The Best Hikes in the Midwest
The Midwest is certainly not famous for long trails or epic mountain hikes. For example, in my home state of Ohio, the highest point is 1,550-foot Campbell Hill, which can be scaled via sidewalk. However, there are plenty of beautiful hiking options across the Midwest just the same. Here are a few of the best hikes in the Midwest—feel free to add your favorites in the comments.
The Best Hikes in the Midwest
Hocking Hills State Park, Ohio
Nestled in southeastern Ohio, Hocking Hills State Park consists of over 2,300 acres of spectacular gorges, waterfalls, and recess caves. Various trails totaling 26 miles allow day hikers to choose an easy or more strenuous trip.
The deep gorges are unlike most of the state and have protected remnant populations of hemlock and Canada yew that flourished there 10,000 years ago during a much cooler time. Camping and cabins are available in the park.
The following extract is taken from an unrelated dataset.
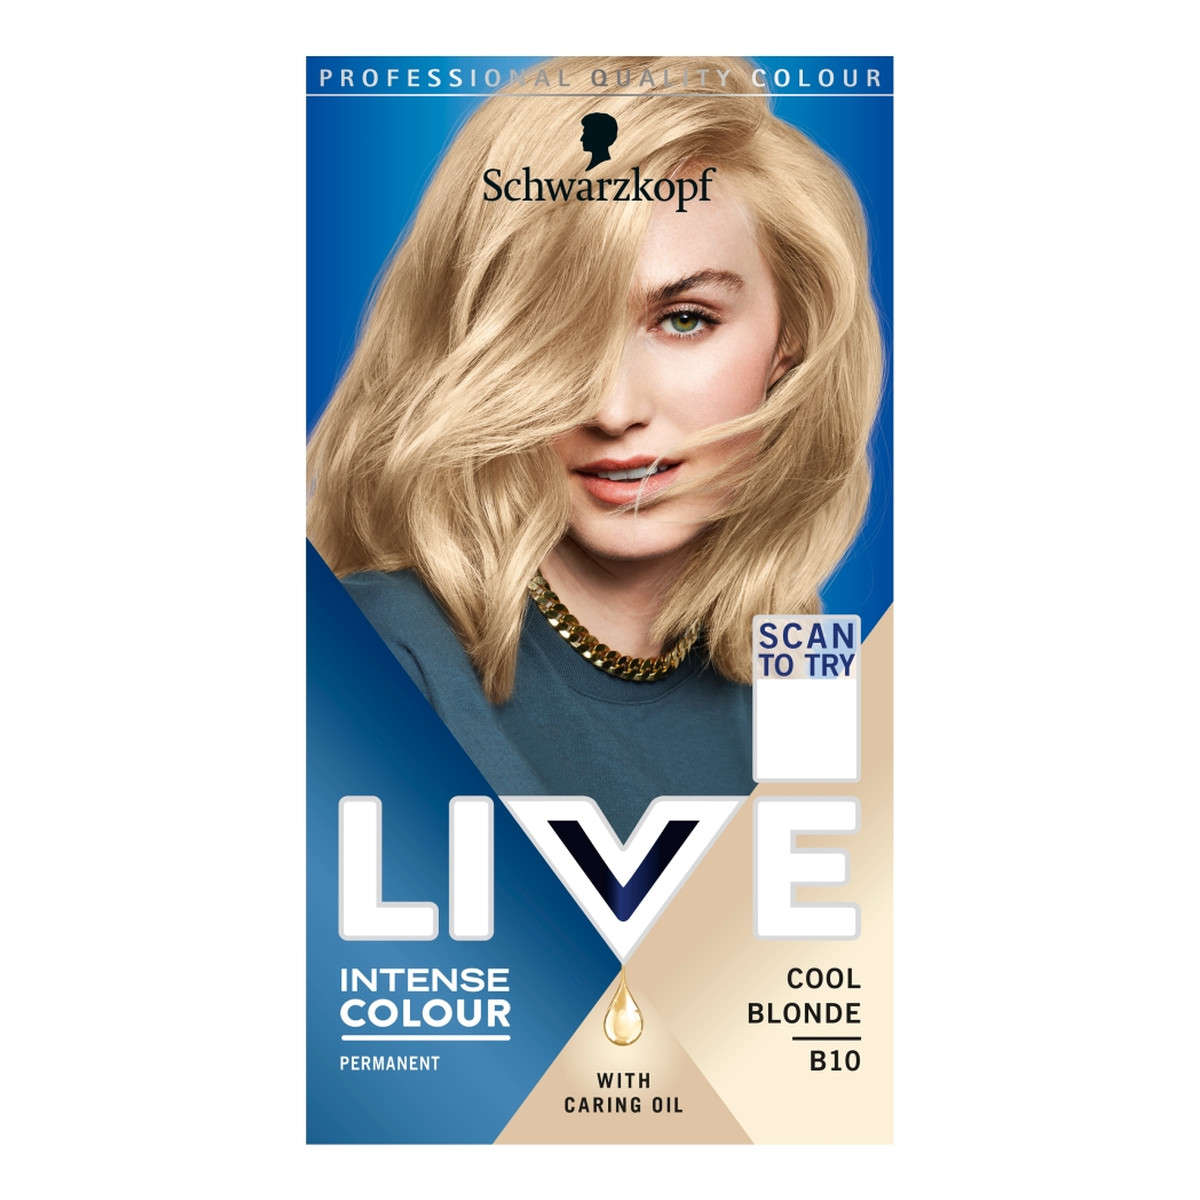 Schwarzkopf Live intense colour farba do włosów b10 cool blonde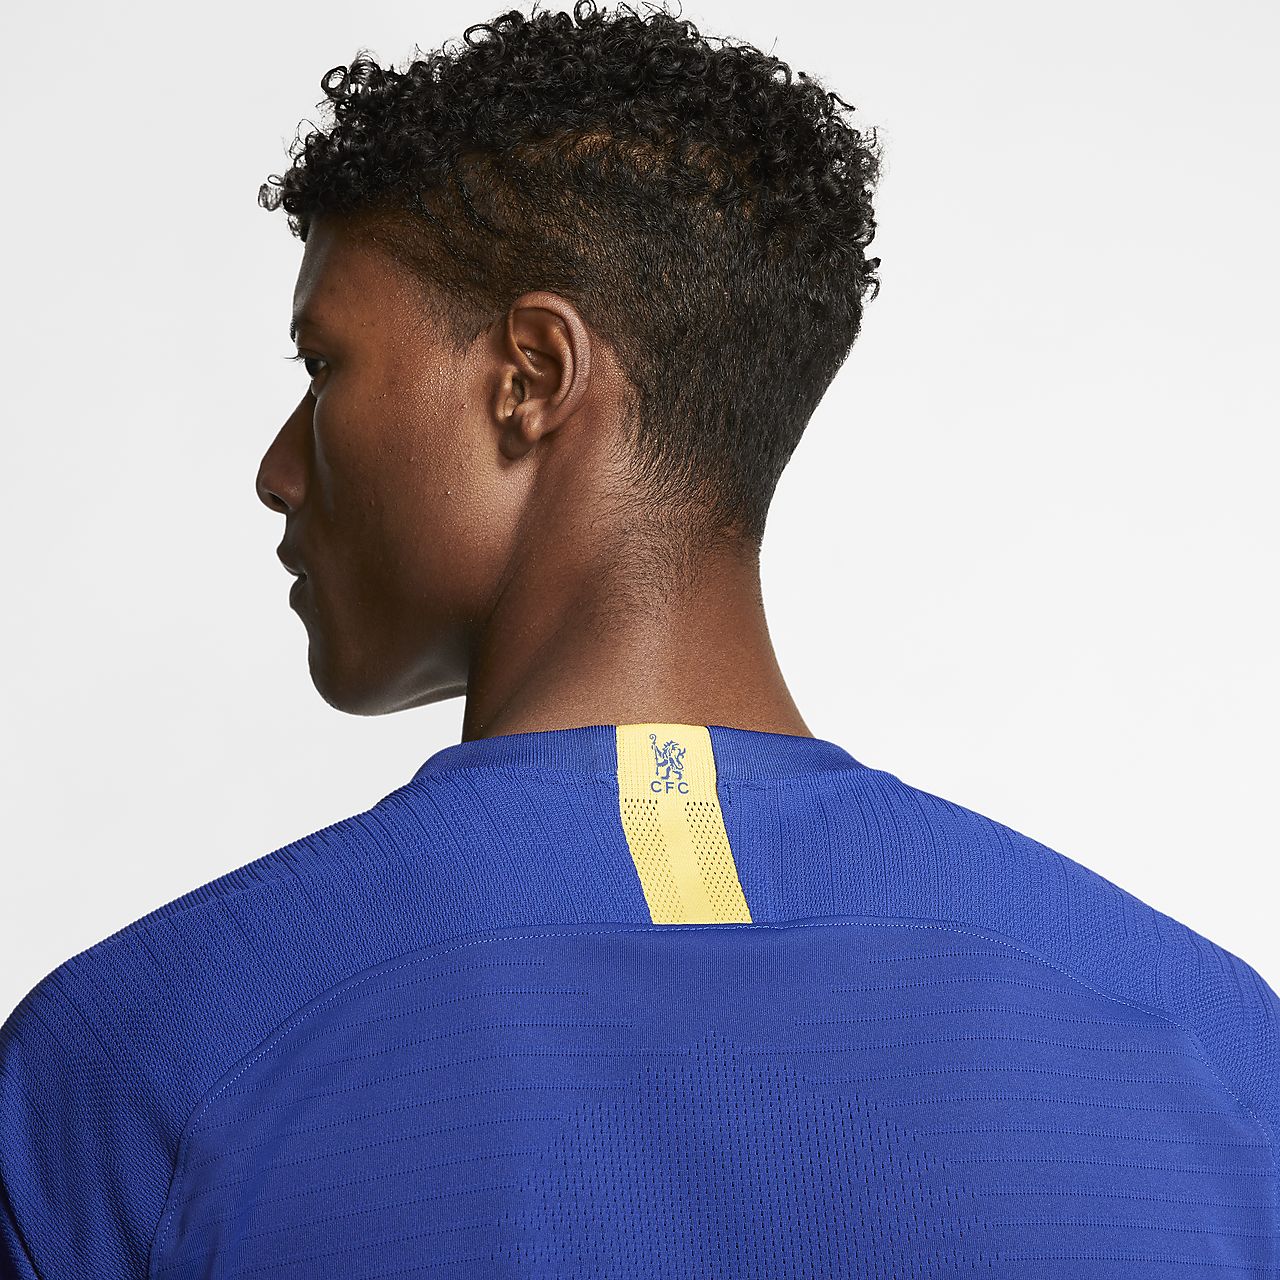 Chelsea 2019-20 Nike Fourth Kit | 19/20 Kits | Football shirt blog

The area is extremely popular, so avoiding summer weekend afternoons and other high-use times allow for a more natural experience.
My personal favorite hike is from Old Man’s Cave through the gorge to Cedar Falls, then returning on the Gorge Overlook Trail, about six miles total. For those needing more room, the park is adjacent to 9,200 acre Hocking State Forest.
Hocking Hills State Park can be reached from either US Route 33 or Ohio Route 56 southeast of Columbus.
Starved Rock State Park, Illinois
13-Mile Trail Network
Canyons, waterfalls, and tall bluffs are not what most people expect when hiking the “flatland” of the Midwest, but that’s exactly what day hikers find at 2,600-acre Starved Rock State Park. Thirteen miles of trails wander through 18 canyons and to spectacular overlooks of the Illinois River.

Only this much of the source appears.